There isn’t much I don’t like about good storm. And, I would be hard pressed to give you the same answer every time to what my favorite part is, because that certainly changes based on time of day, my mood, how long it has been between storms, what day of the week it is, … and on and on.
But, there is certainly something magical about letting my eyes cast towards the far off lands and feel like it is so close I could touch it. It’s right there. If I could just get my fingertips to push that much further outward… If I could just keep walking, just keeping running, just keep driving… If…
Well, that’s just it, isn’t it? A storm, to me, opens up the infinite possibilities of that magical “if.” The power behind it. The way it sweeps the world clean. The sense of rejuvenation of purpose and spirit. The basic essence of life. They combine into this one thing, a drop of rain, that can mean so much more, that can mean everything, if only we have the imagination to dream…
She stood in the rain and let the water wash the dirt from her hands. It was a warm storm. The shower was refreshing despite the lateness of the day.
She reached skyward, tilting her head back, eyes closed. The dirt turned to mud and sloughed off in heavy chunks. It felt like the water was cleansing her soul as well but she knew she would wear the stain of her sins for the rest of her life. She didn’t expect that to be very long.
Her sins would catch up to her, no matter how clean she got at the end of the day. She had no doubt about that. And then she would find the peace that had so long eluded her.
On that night, though, as the full moon stay hidden behind the formidable clouds unleashing their torrent upon the earth, she let the rain wash away all thoughts of what had come before and what she still had to face. For those minutes in the gentle wrath of the storm she focused solely on the feel of the water splashing against her, the feel of the grit being pulled free from her skin, the feel of her soul rising from its hidden depths to exalt in the joy of the experience.
She opened her eyes and gazed into the swirling darkness above. It looked like familiar, like how she imagined the place within her where her soul went to hide as she worked. A smile crossed her lips as she dreamed of slipping free of gravity and climbing into the darkness to hide away forever. She would enjoy being there, folded in the clouds, surrounded by the thrum of natural energy, traveling the world until spent only to be reborn again and again, like a phoenix of water rather than fire.
She laughed into the storm. Her voice boomed in her ears but was quickly muffled by the wind and rain.
In many ways, she was a phoenix. Each new hunt was a cycle. She was born when she located a target. She grew, aged, and lived on the hunt. Then she died with each kill only to be reborn again.
She was dead beneath this storm. Soon she would pull herself free of the flood and flourish in her way. One day the cycle would end. Until then, she would fulfill her fated role.
I could feel the storm coming. The energy of it tickled my fingertips. Its pressure warmed my skin even as the swirling winds cooled the air. The remnants of a hurricane slowly churned closer and closer until the clouds blocked the sun and the rain began to fall.
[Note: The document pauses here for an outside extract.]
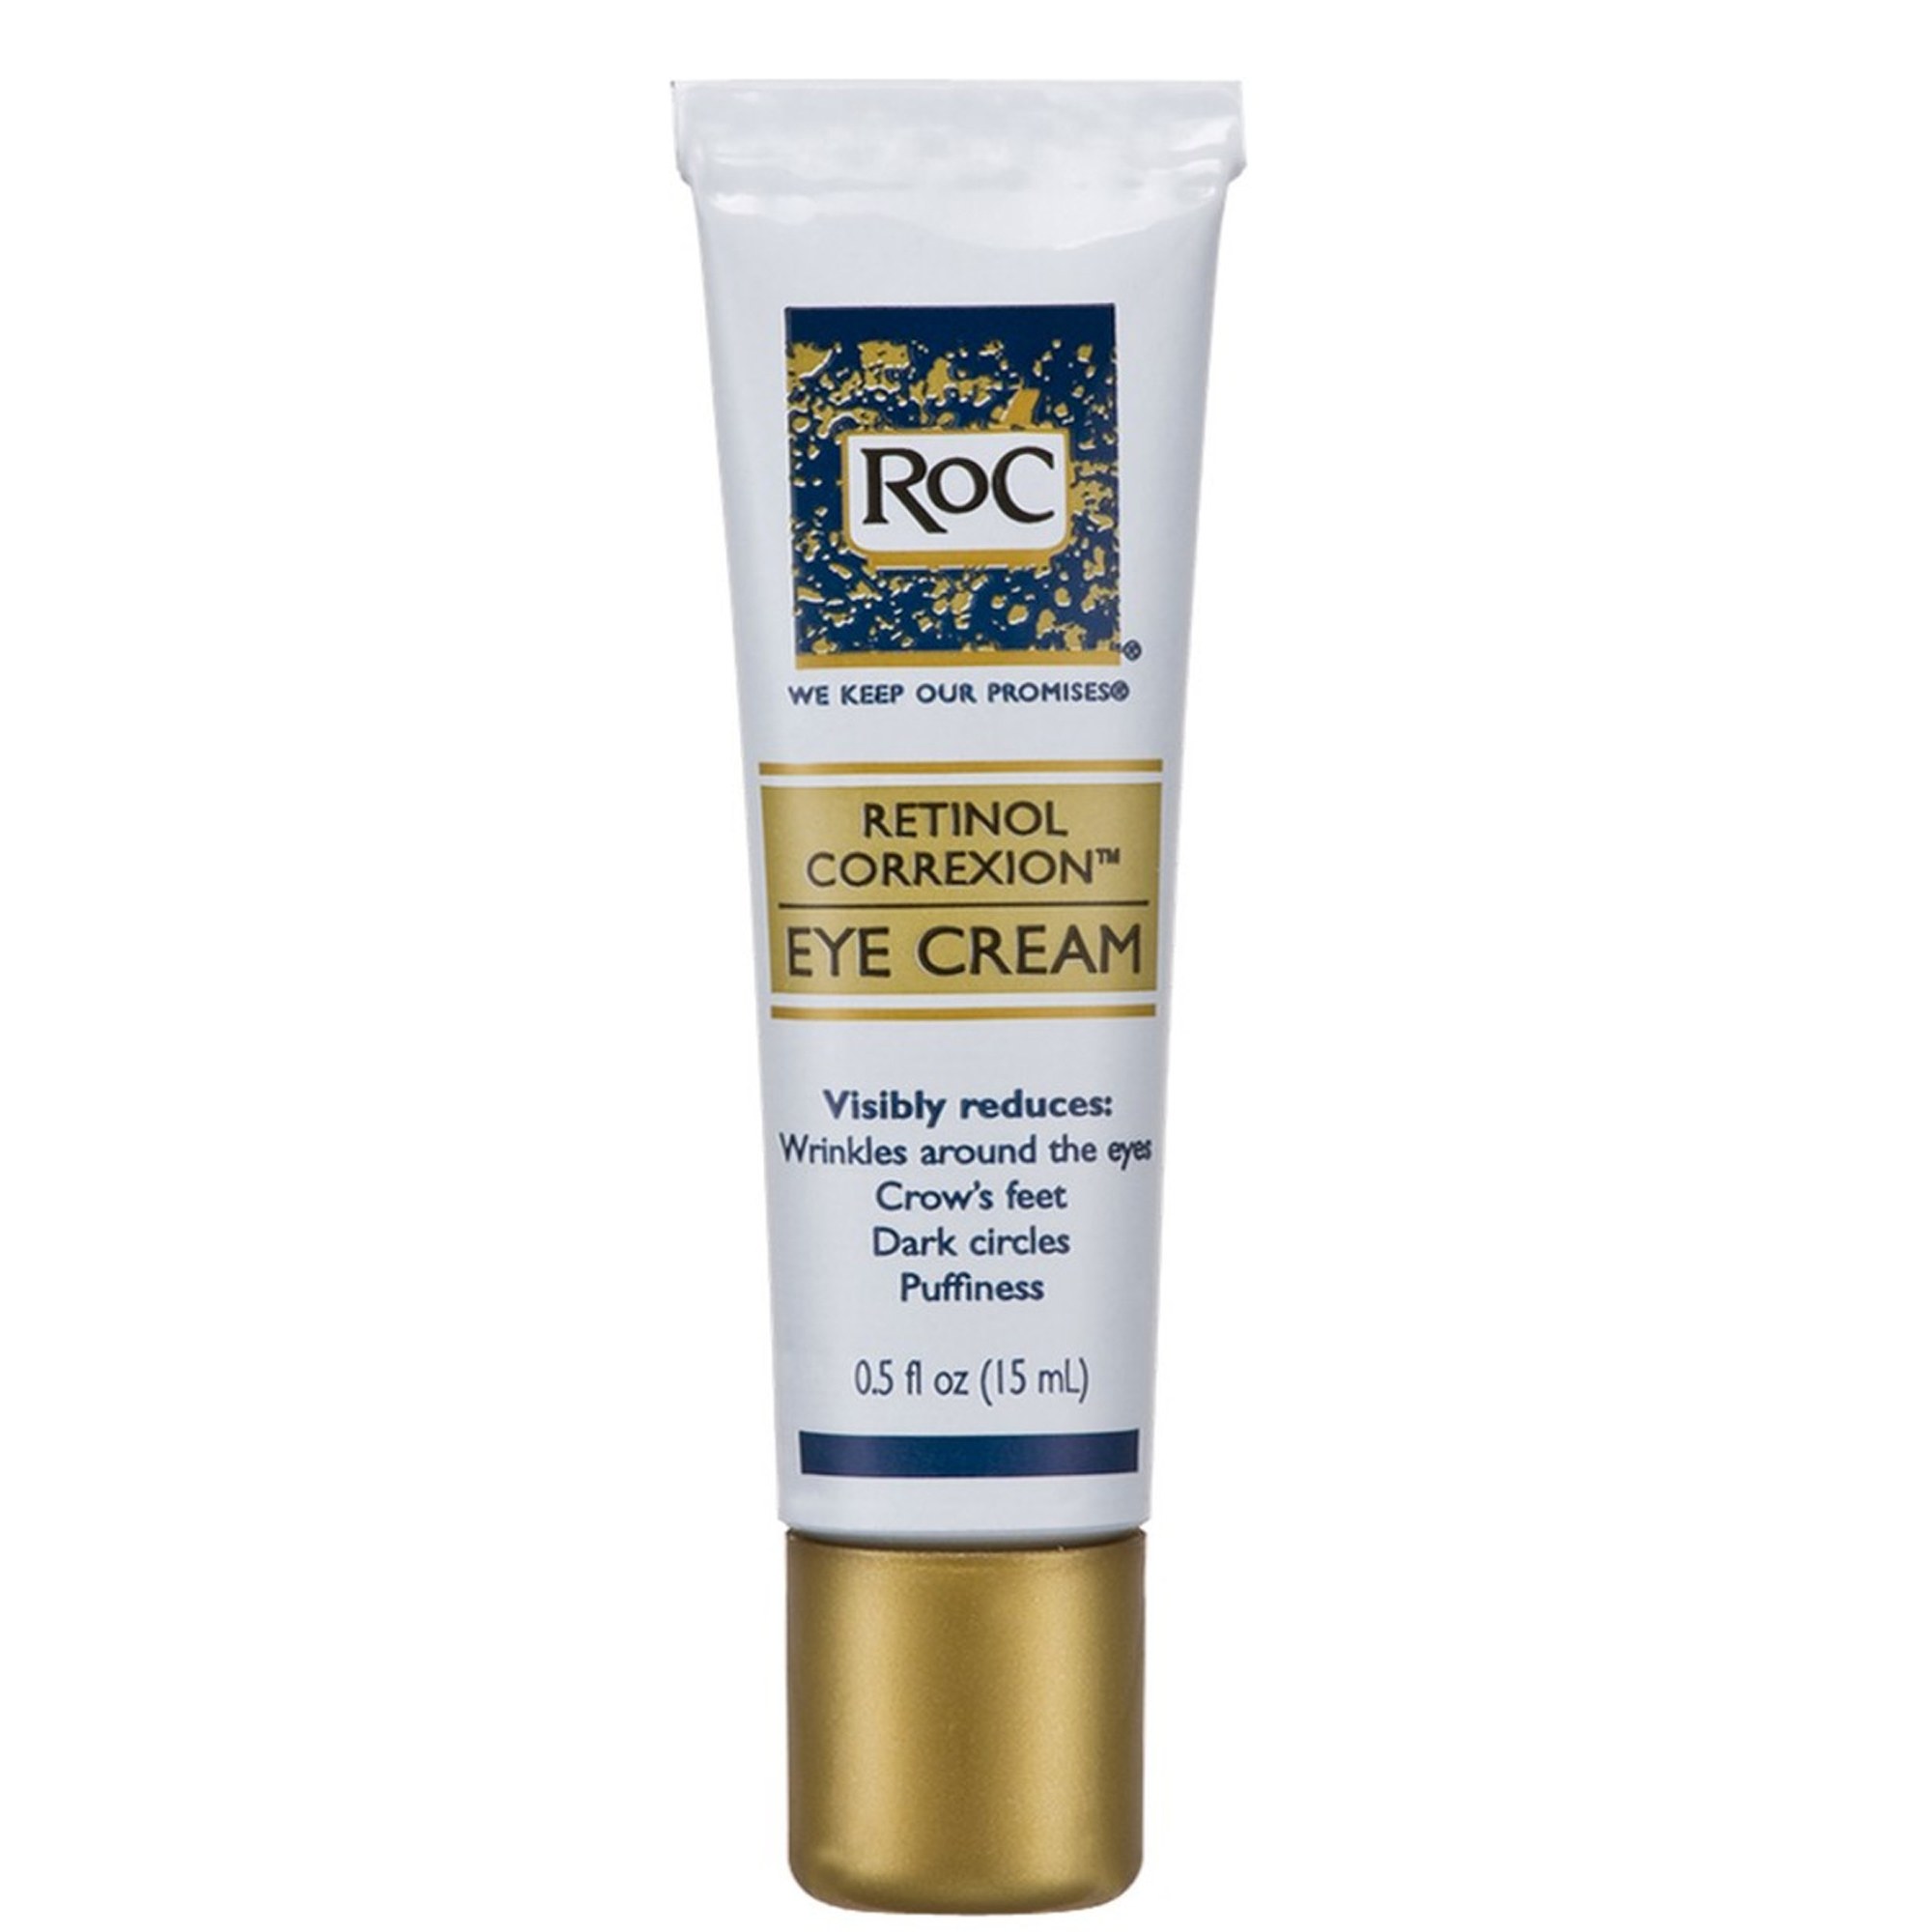  RoC Retinol Correxion Eye Cream

The storm no longer held the punch it had wielded weeks before. It had become sluggish and weak as it drew nearer land. Despite our need for rain, we were all grateful for that. Rain was needed, yes, but not at the expense of a devastating hurricane. And yet, despite its docile approach, I could still feel the storm coming.
Perhaps it was the amount of time since our last storm of any measure that allowed me to be so sensitive to the current ones approach. It had been months and I was desperate for a change, desperate for the cleansing relief of a rain washing over me and my small part of the world. Or perhaps there was something different about this storm and I would have felt it regardless. It no longer was a hurricane but it carried the DNA of one. It held the memory of the power and fury of its youth.
Sometimes that’s all that is needed, a memory, to become again what you once were.
I could feel the storm coming and I wondered, when it arrived, how it would show itself.